His lifeless body, throat slashed with a razor, was found at the rear of the Knott store at 13 East Main street by his brother, William J. Knott, when the latter arrived at the store at 7:30 this morning. Mr. Knott had been ill since April.
Death ended a colorful career. Mr. Knott was a native of Niles. He was born here in 1869 and with his father, who had learned the cabinet making trade in Europe, he fashioned of the finest pieces of furniture in the home of some of Niles older families.
With his brother William he developed a business in Niles that was unique in this section of the state. Treasured heirlooms were sent to the Knott shops for repairs and upholstering. The brothers knew find woods, period furniture and had an inherited sense of artistic line in cabinet making.
In the early days Charles Knott belonged to the old Niles band. He went still further, joining a famous circus that toured the country from coast to coast. During this interlude, his brother William carried on the business in Niles. Charles returned here about 12 years ago, donned the apron, resumed his craft and took up again the quiet, unassuming life that had characterized his early career.
One of the fine pieces of work that remains as a striking example of his craftsmanship is the Rotary club gavel, presented to the club May 7, 1924 by Miller Dunckel. The gavel was carefully fashioned by hand from bits of wood from Niles historic buildings and rare pieces contributed by club members.
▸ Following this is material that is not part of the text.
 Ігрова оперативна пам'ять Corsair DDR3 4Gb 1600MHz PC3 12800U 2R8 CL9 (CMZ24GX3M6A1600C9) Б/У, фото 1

Mr. Knott was born here Nov. 20, 1869. In his youth Niles' Main street business was located farther west. The shop the brothers had operated for many years was once in the center of business activity. The streets were unpaved. The water supply was obtained from Barron lake.
Learned Trade at 14
He entered his father's shop when he was 14 years old. The elder Knott had learned his trade in Potsdam, Germany, and came to Niles soon after the close of the Civil war.
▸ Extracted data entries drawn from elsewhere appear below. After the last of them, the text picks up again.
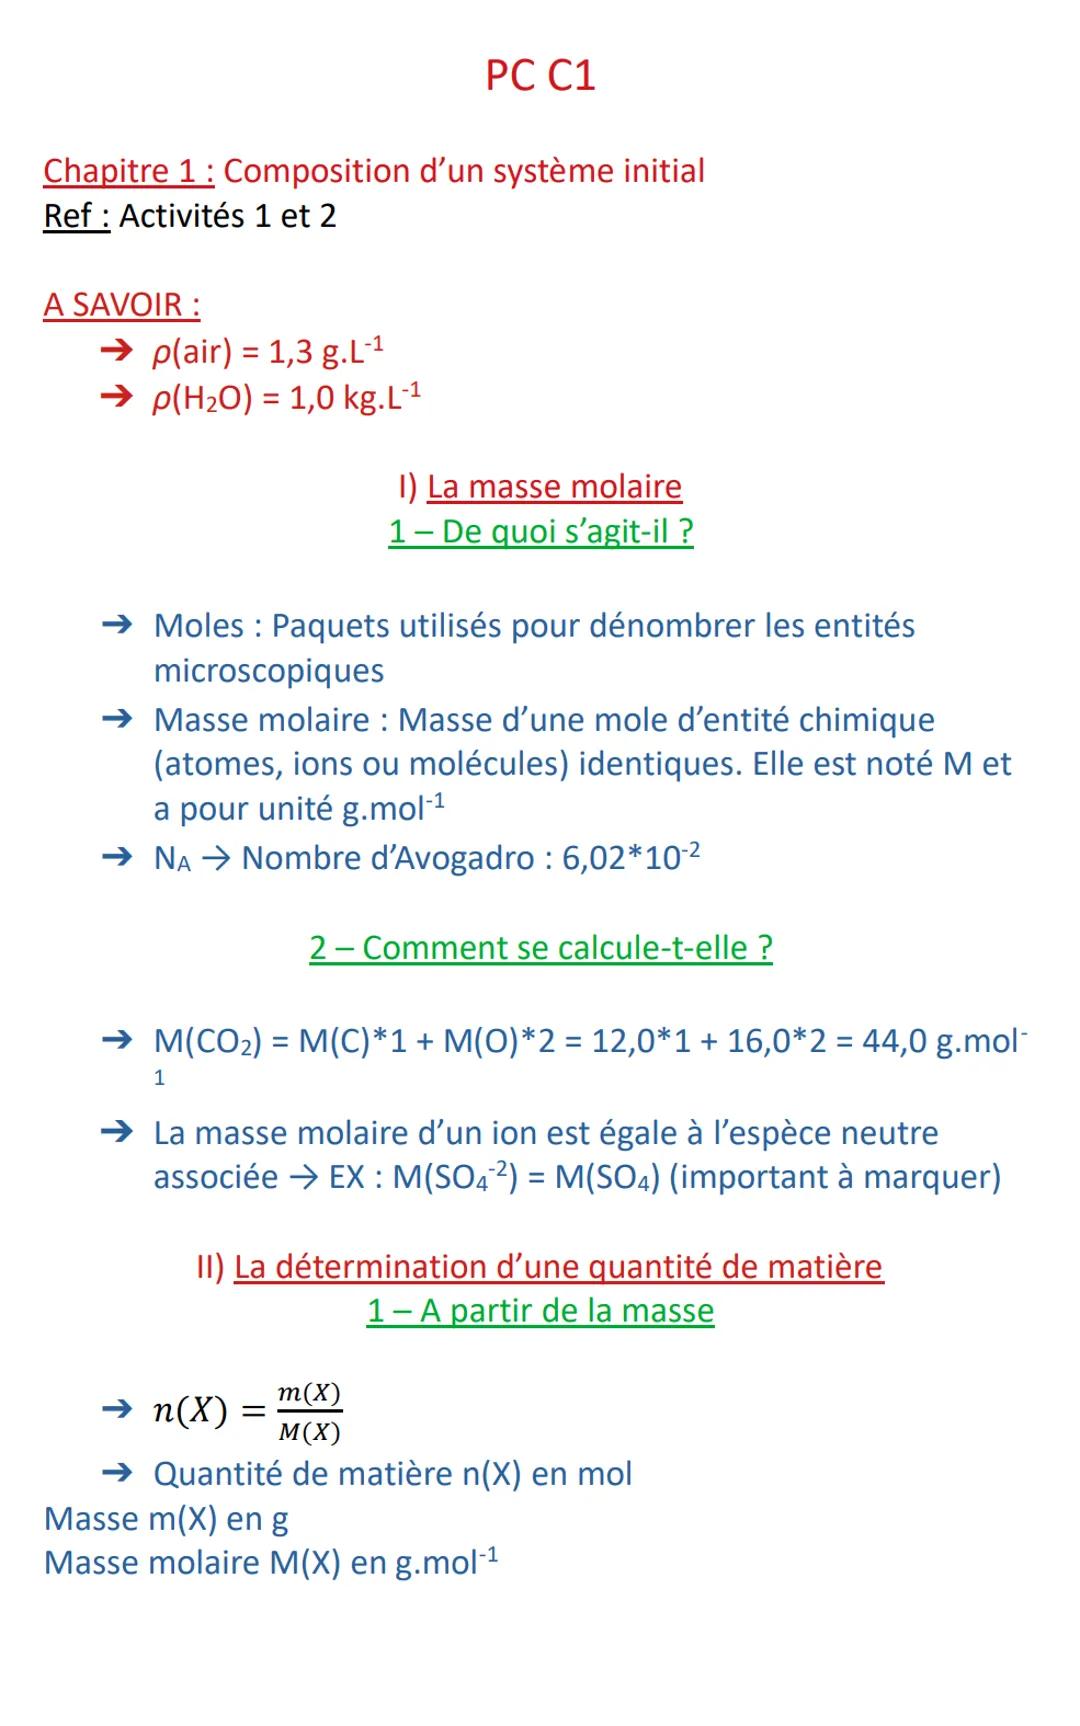 Chapitre 1: Composition d'un système initial
Ref: Activités 1 et 2
A SAVOIR :
→p(air) = 1,3 g.L-¹
→p(H₂O) = 1,0 kg.L-¹
PC C1
→ Moles: Paquet

Beside his brother William, he leaves two sisters, Mrs. William DuVall and Miss Minnie Knott, both of Niles. Two daughters, Mrs. Fred Bobzin and Miss Lorraine Knott, live in Chicago.
The body was taken to the Rutherford funeral home where services will be held Monday morning at 10:30. The Rev. Harry L. Nicholson will officiate. The Knights of Pythias, of which he was a member, will conduct services at the grave in Silverbrook.